* WHAT THIS TASK INVOLVES
The data below contains pictures, which are to be skipped; the lines starting at the line with "CANADA 1949 O.H.M.S." and ending at the line with "Chinese Year of" are to be output exactly, both ends included.

* ENTRIES PROVIDED
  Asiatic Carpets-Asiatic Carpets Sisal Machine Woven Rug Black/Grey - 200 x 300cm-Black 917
* * *
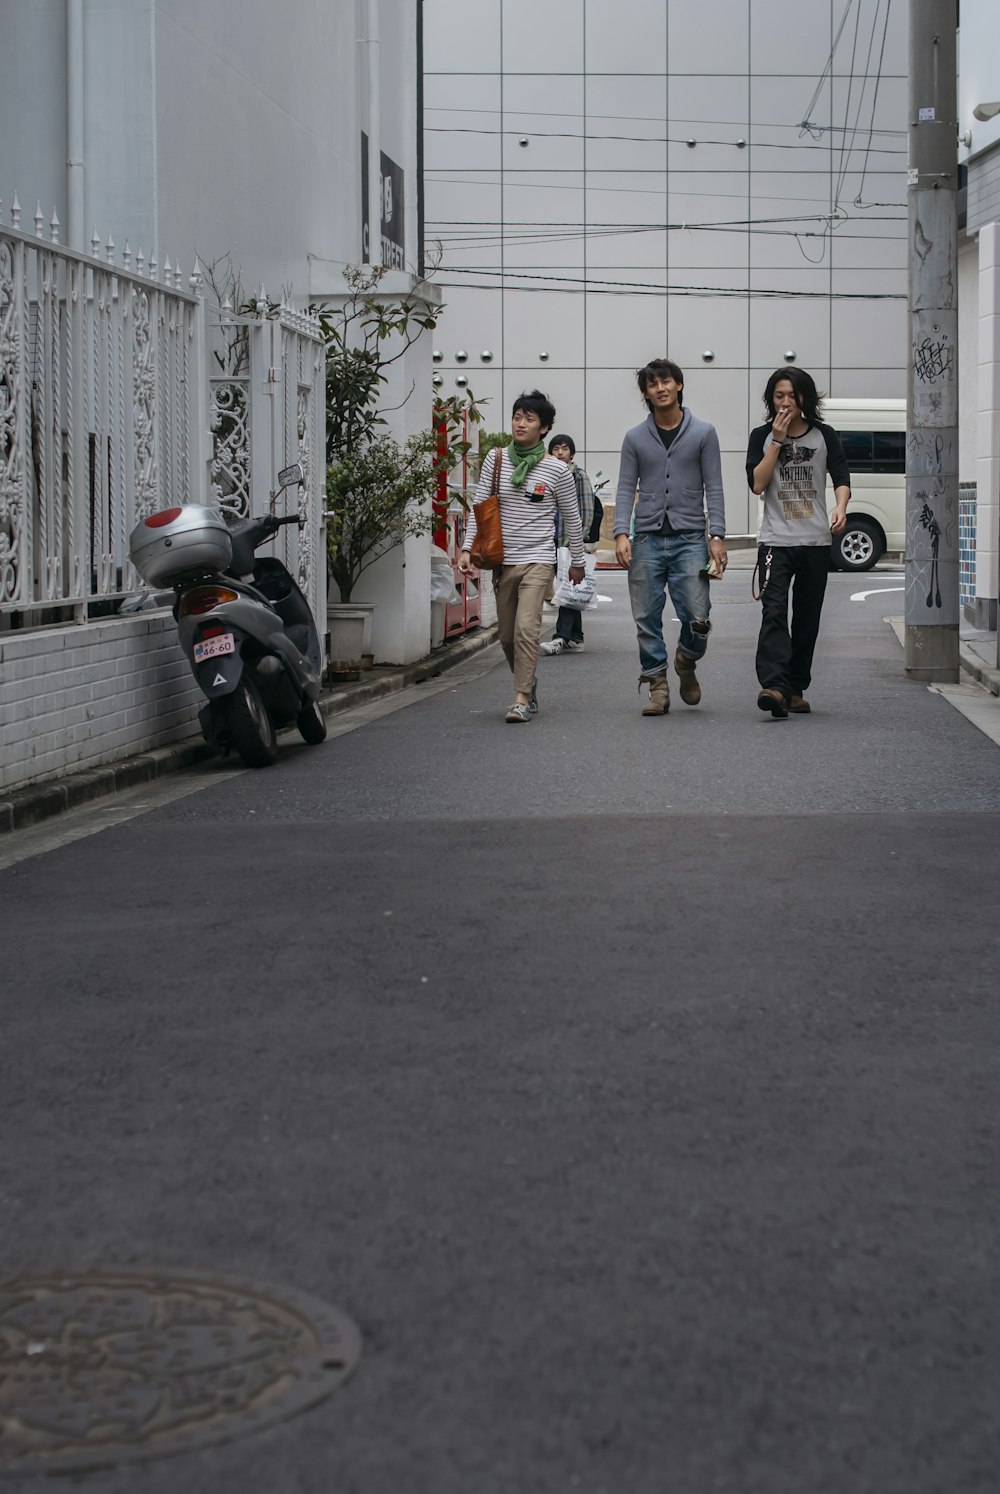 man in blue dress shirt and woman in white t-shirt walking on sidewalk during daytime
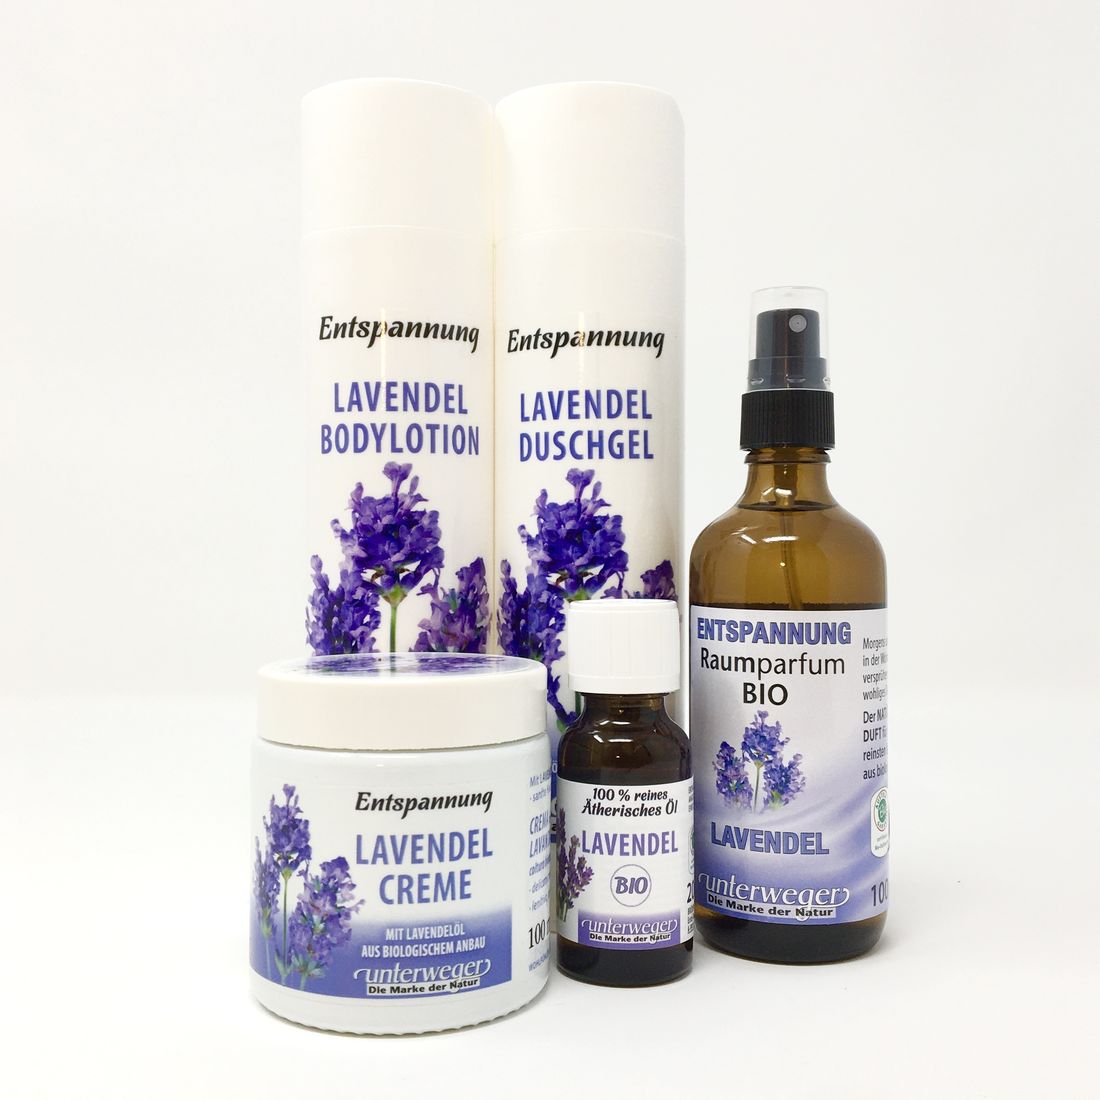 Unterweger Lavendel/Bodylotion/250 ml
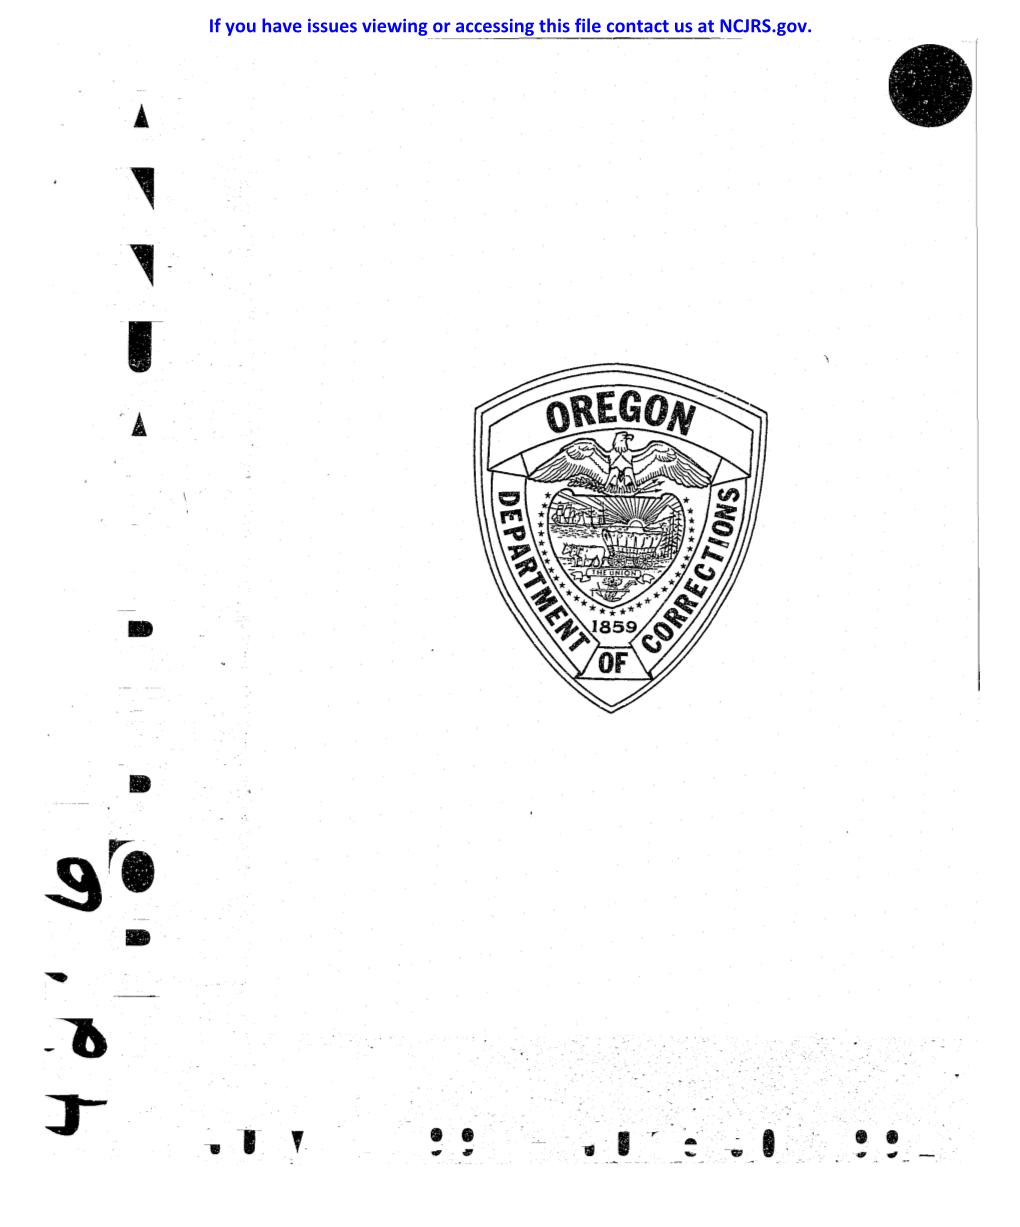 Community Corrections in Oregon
==
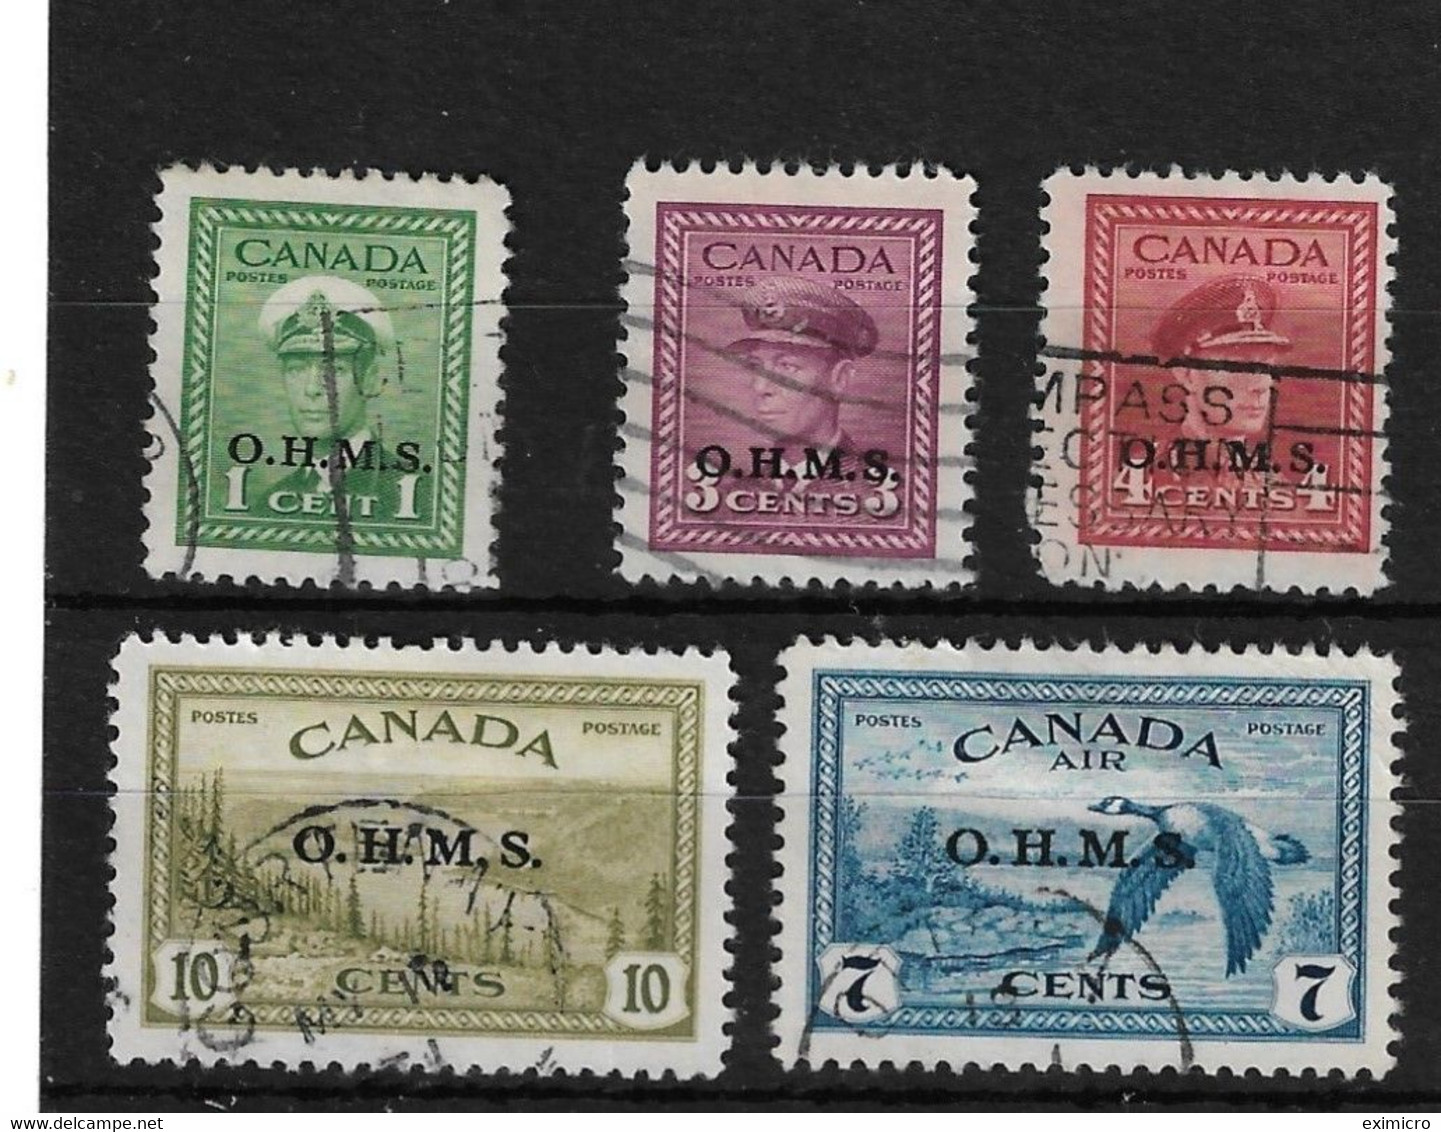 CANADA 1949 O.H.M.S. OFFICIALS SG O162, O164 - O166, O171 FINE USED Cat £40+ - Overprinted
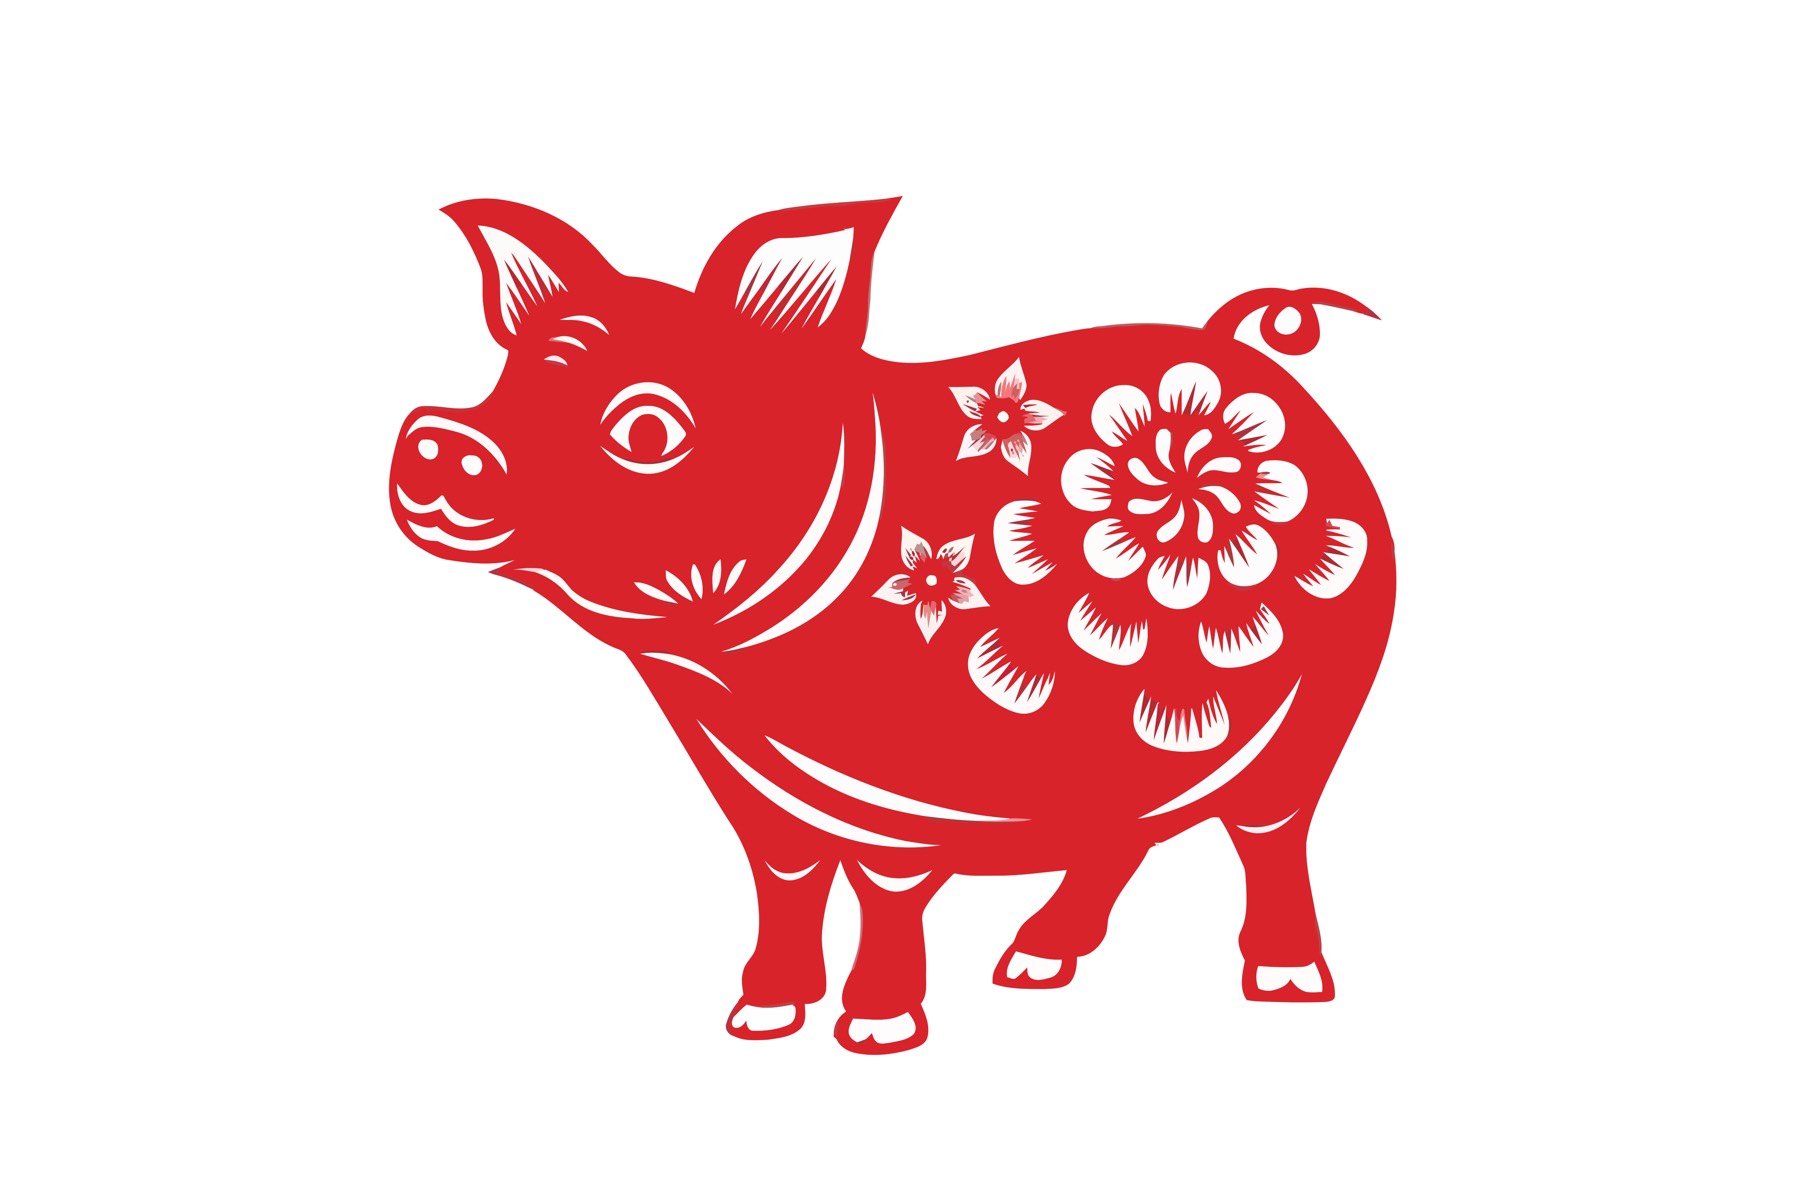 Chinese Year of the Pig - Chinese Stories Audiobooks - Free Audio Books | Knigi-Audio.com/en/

* ANSWER FOR THIS EXERCISE
 CANADA 1949 O.H.M.S. OFFICIALS SG O162, O164 - O166, O171 FINE USED Cat £40+ - Overprinted
 Chinese Year of the Pig - Chinese Stories Audiobooks - Free Audio Books | Knigi-Audio.com/en/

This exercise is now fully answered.